Real life sports fan Romano starred as a sportswriter married to a level headed wife (Patricia Heaton), long-suffering from her intrusive in-law neighbors - a meddling mother (Doris Roberts), garrulous father (Peter Boyle) and jealous older brother (Brad Garrett). Romano proved a highly likable calm at the center of a domestic storm, with the show's success also owing greatly to a strong supporting cast that gave the show more of an ensemble feel, with everyone given opportunities to shine. When "Everybody Loves Raymond" debuted in the fall of 1996, critics praised its performers, its tight writing, and its focus on the realistic minutiae of family life. However, its Friday night time slot was hardly a ratings grabber. A switch to Monday nights during the 1997-98 season proved just what the series needed, and the show built up an impressive audience, despite competition from major contenders "Monday Night Football" (ABC) and "Ally McBeal" (Fox, 1997-2002). Romano's "in-character" guest appearances as Ray Barone on other sitcoms, including "The King of Queens" (CBS, 1998-2007) and "The Nanny" (CBS, 1993-99), also helped generate interest in his wry New Yorker and wacky onscreen family.

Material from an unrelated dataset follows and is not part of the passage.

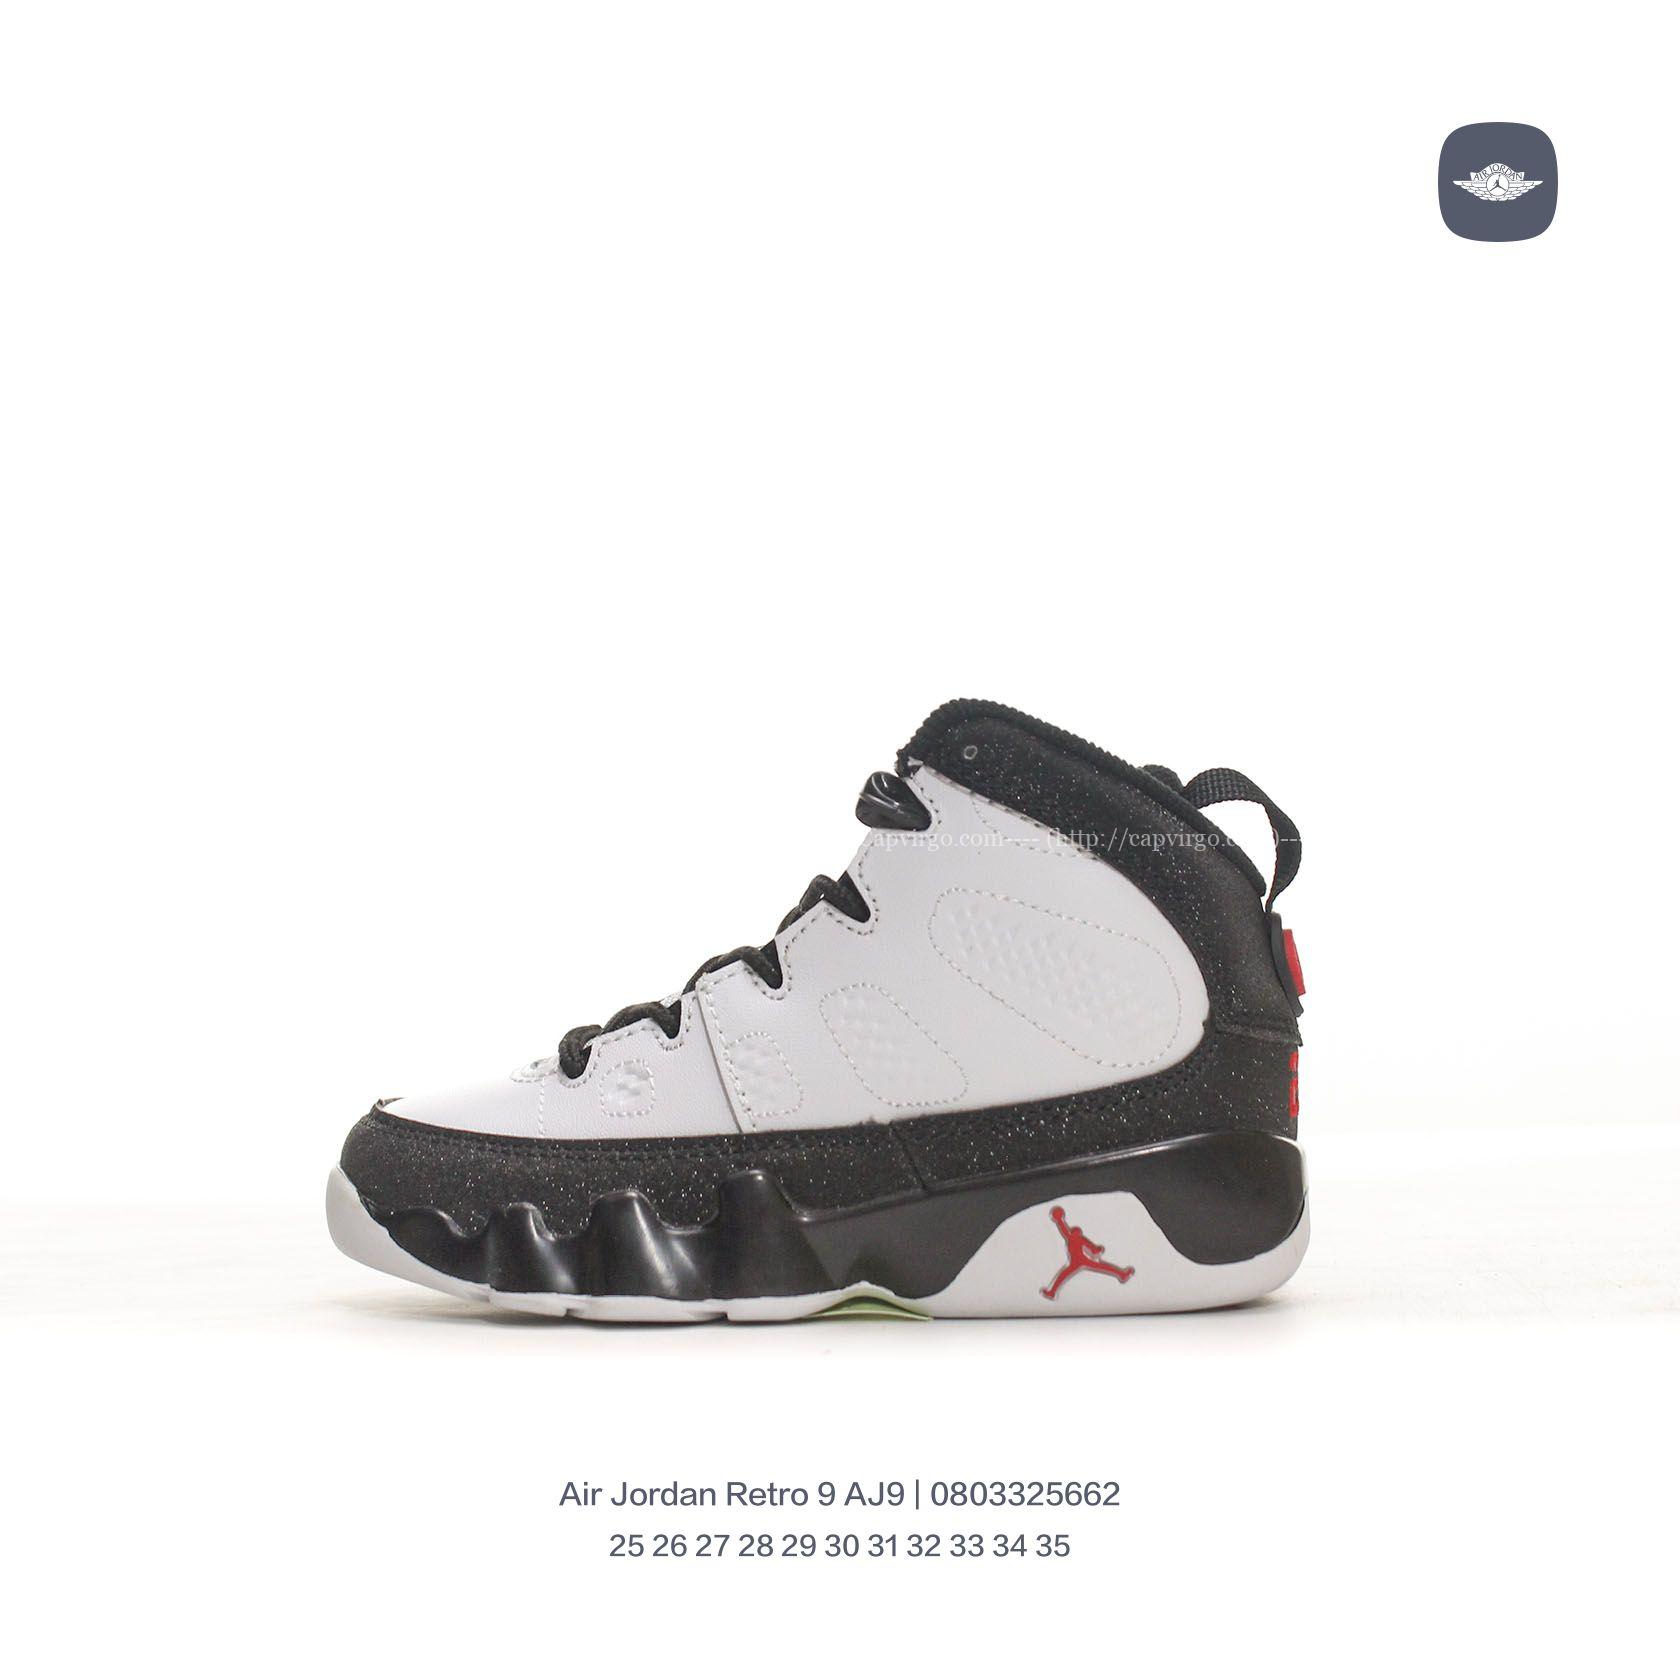 Giày Air Jordan Retro 9 AJ9 trẻ em màu đen ánh nhũ

The flourishing sitcom earned its first Emmy Award recognition in 1999, with an Outstanding Comedy Series nomination and Outstanding Actor nominations for Romano, Heaton, Roberts and Boyle. With this success, Romano relished the opportunity to return to his stand-up roots the same year, recording a live concert that was released as Ray Romano, Live at Carnegie Hall, which would later be nominated for a Grammy Award for Best Comedy Album. Romano's market saturation continued with the release of his memoir, Everything and a Kite, which hit No. 12 on The New York Times Bestseller list. With "Everyone Loves Raymond" hovering consistently in the Nielsen Top Ten, the show earned Emmy nods for Outstanding Comedy Series and Outstanding Writing in 2000 and 2001, as well as actor nods for most of the cast, but it was not until 2002 that Romano took home a statue for Outstanding Lead Actor in a Comedy. To make that year even sweeter, he also made his feature film debut, voicing lead character Manny the wooly mammoth in the computer-animated family blockbuster, "Ice Age."
In 2003, "Raymond" took home its first Emmy Award for Outstanding Comedy Series, and the cast was also honored with recognition from the Screen Actors Guild for Outstanding Performance by an Ensemble in a Comedy Series. With all the awards recognition, Romano decided to ramp up his screen career with his first onscreen starring role as a small town hardware store owner who runs for mayor against a former U.S. President (Gene Hackman) in the failed comedy, "Welcome to Mooseport" (2004). He also in appeared in a supporting role as the dimwitted uncle of an unhappy college student (Zo y Deschanel) who returns home to her hated family after the death of her grandfather (Rip Torn) in the low-budget black comedy, "Eulogy" (2004).
For the final 2004-05 season of "Raymond," Romano shared a second Outstanding Comedy Series Emmy with the show producers and left primetime on a high note, still in Nielsen's Top 10. In the wake of the series' finale - which was watched by millions - he remained rather low-profile than he had been in the past. He did reprise his role of Manny in the sequel "Ice Age: The Meltdown" (2006), which reunited Sid the sloth (John Leguizamo), Diego the saber-toothed tiger (Denis Leary) and Scrat the prehistoric squirrel (Chris Wedge) in a quest to find Manny a mate. Returning to stand-up comedy, Romano was seen in "95 Miles to Go" (2006), a road trip documentary that followed the comedian and his opening act, Tom Caltabiano, on an eight-day, thousand-mile tour through the American South. Romano and old friend Kevin James paired up in the buddy comedy "Grilled" (2006), a notably tasteless departure for the actor that thankfully went direct-to-video, and appeared alongside Winona Ryder and Wes Bentley in the dark indie comedy, "The Last Word" (2008).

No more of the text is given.